Bonds are another type of fixed-income securities. It can be either secured or unsecured which means it can be backed by a collateral. Governments, cities, and companies issue bonds for different needs, like funding projects, growth and development in the company etc.
Bond is another type of debt insutrument which is very common among private institutions, companies and government institutions. The investor issues a loan in return of the bonds from the company and the company or the government institution also promises to repay the loan on the due date or on the maturity of the bond.
Bonds are considered to be the safest investment options in the investors world. Bonds carry a guarenteed rate of return which is generally lower than the other investment options but are secured in terms of repayment and timely receipt of interest payment.
Some people might think that the due to lack of security a debenture is considered riskier than the bond, but this is not the case.
Why Companies Issue Bonds?
This is a debated question why companies issue bonds to raise capital instead of borrowing money directlly from a bank.
Companies issue bonds to raise capital for their business and keeping promits in mind, these corporations issue bonds which is pay a less amount as interest to the investors than what they had to pay for a bank loan. Usually the rate of interest on a bond is less than the rate of interest that is offered on a bank loan.
By getting the loan at a low rate of interest companies able to invest actively in the growth projects.
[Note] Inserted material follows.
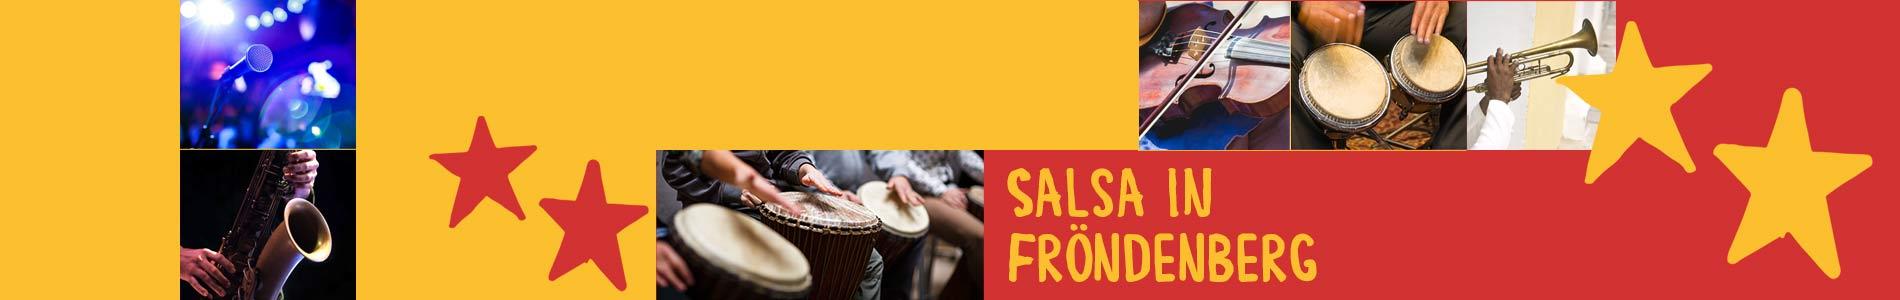 Salsa in Fröndenberg – Salsa lernen und tanzen, Tanzkurse, Partys, Veranstaltungen

Issuing bonds also comes with the freedom to operate the business at per its own will and without any restrictions on expansion and growth as in case of bank loans, they do not agree for raising more debt and do any type of merger or acquisition.
Issuing bond by the corporations attracts large number of investors and it is very easy to keep a track as the interest paid and maturity date are same for all the money lenders or investors.
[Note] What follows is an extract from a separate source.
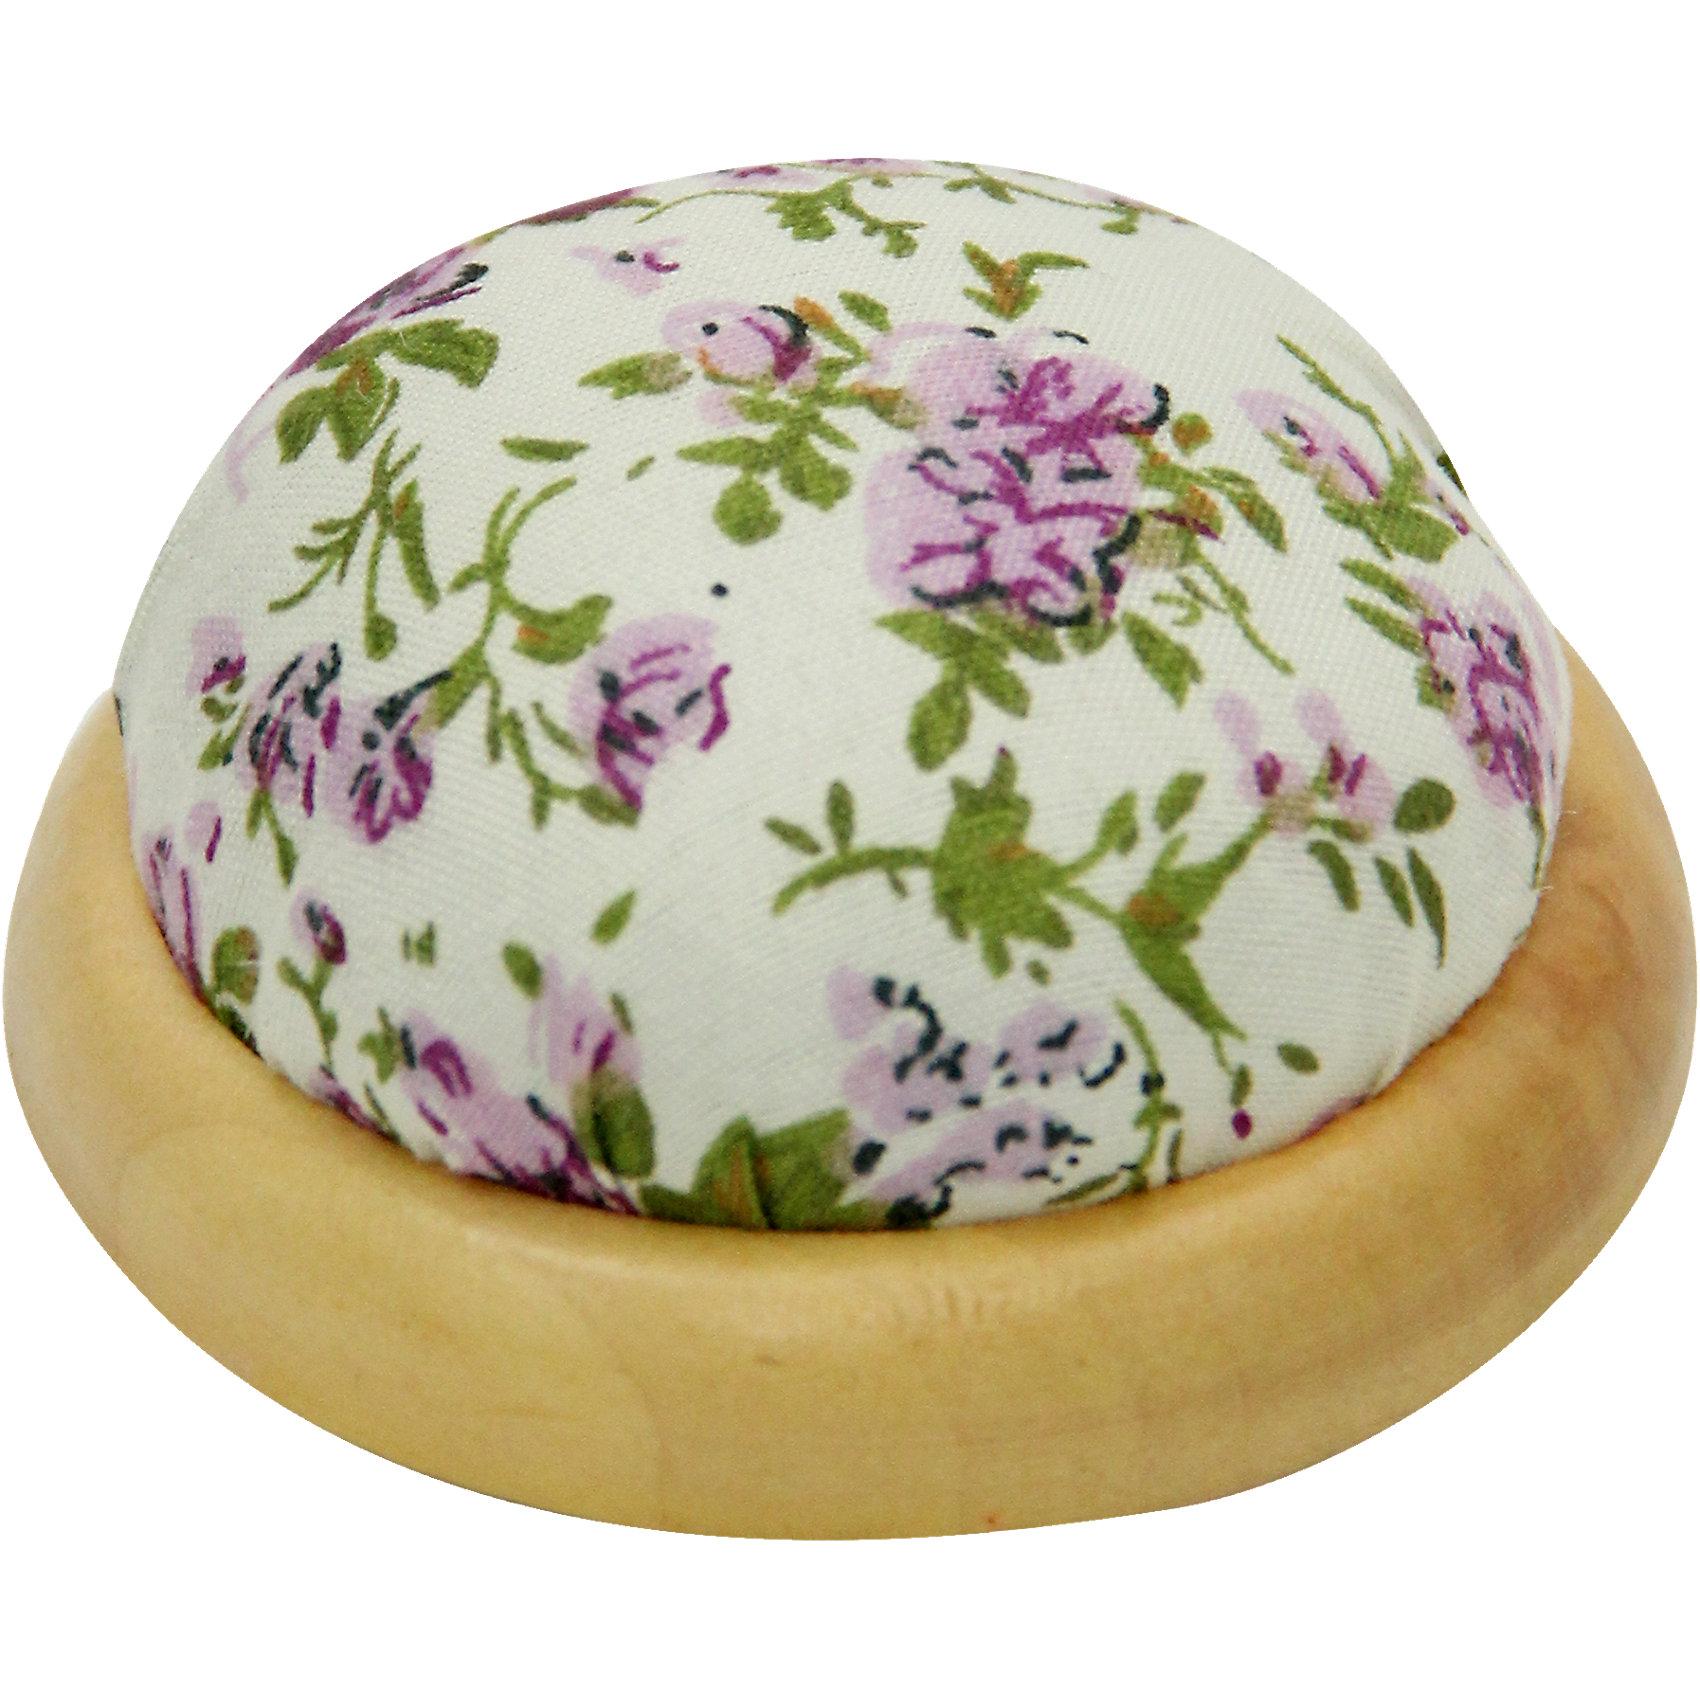 Игольница-подушечка Фиолетовые цветы 7,3*4,5 смИгольница-подушечка - прекрасный подарок, который понравится любой рукодельнице! Игольница выполнена из прочного текстильного материала, украшенного нежным цветочным принтом. Подставка из дерева удобная и устойчивая. Прекрасный вариант для памятного сувенира!<br><br>Дополнительная информация:<br><br>- Материал: синтетический хлопок, полиэстер, древесина вишни.<br>- Размер: 7,3х4,5 см.<br><br>Игольницу-подушечку Фиолетовые цветы, 7,3х4,5 см, можно купить в нашем магазине.<br><br>Ширина мм: 73<br>Глубина мм: 45<br>Высота мм: 45<br>Вес г: 50<br>Возраст от месяцев: 108<br>Возраст до месяцев: 2147483647<br>Пол: Женский<br>Возраст: Детский<br>SKU: 4548394

The interest rate on bonds depends on the credit quality and duration for which the bond is issued. The maturity period of bonds depend of the company and the period can vary from 1 month to as long as 30 years or even perpetual which means the investor will get the interest lifetime.
What is the Difference Between Corporate Bond and Government Bond?
Corporate bonds are issued by private corporations to fund their growth and expansion or day to day business needs whereas government bonds are issued by government to fund for infrastructure projects, development projects, paying salaries to employees etc.
The corporate bonds are generally riskier than the government bonds as governemnt is less likely to fail in making their payments on due date. Therefore corporate bonds give a higher rate of interest than government bonds due its risk factor.
Before making any investment plan in any of the investment opportunities whether in government bonds or corporate bonds always take care of the maturity period, rate of interest and the credibility of that organisation.
Conclusion
For private companies and government departments, issuing bonds comes with the opportunity to raise easy money from the public without diluting any ownership of the company. There are different varieties of bonds available in teh market ranking from different maturity period and rate of interest.
Due to the wide variety of investment options, the investors must come prepared with the research on the companies offering these bonds, so that they can decide where to invest their money and also check previous records of the company and the average rate of interest offered by the company.
For investors who are not so educated in financial markets can take help from financial professionals in understanding where to invest their money and also the risks involved in investing in corporate of government bonds. The major risks involved are of the rising rate of interest and the company going bankcrupt. In case the company goes bankcrupt, then the investor can loose his partial or the whole money.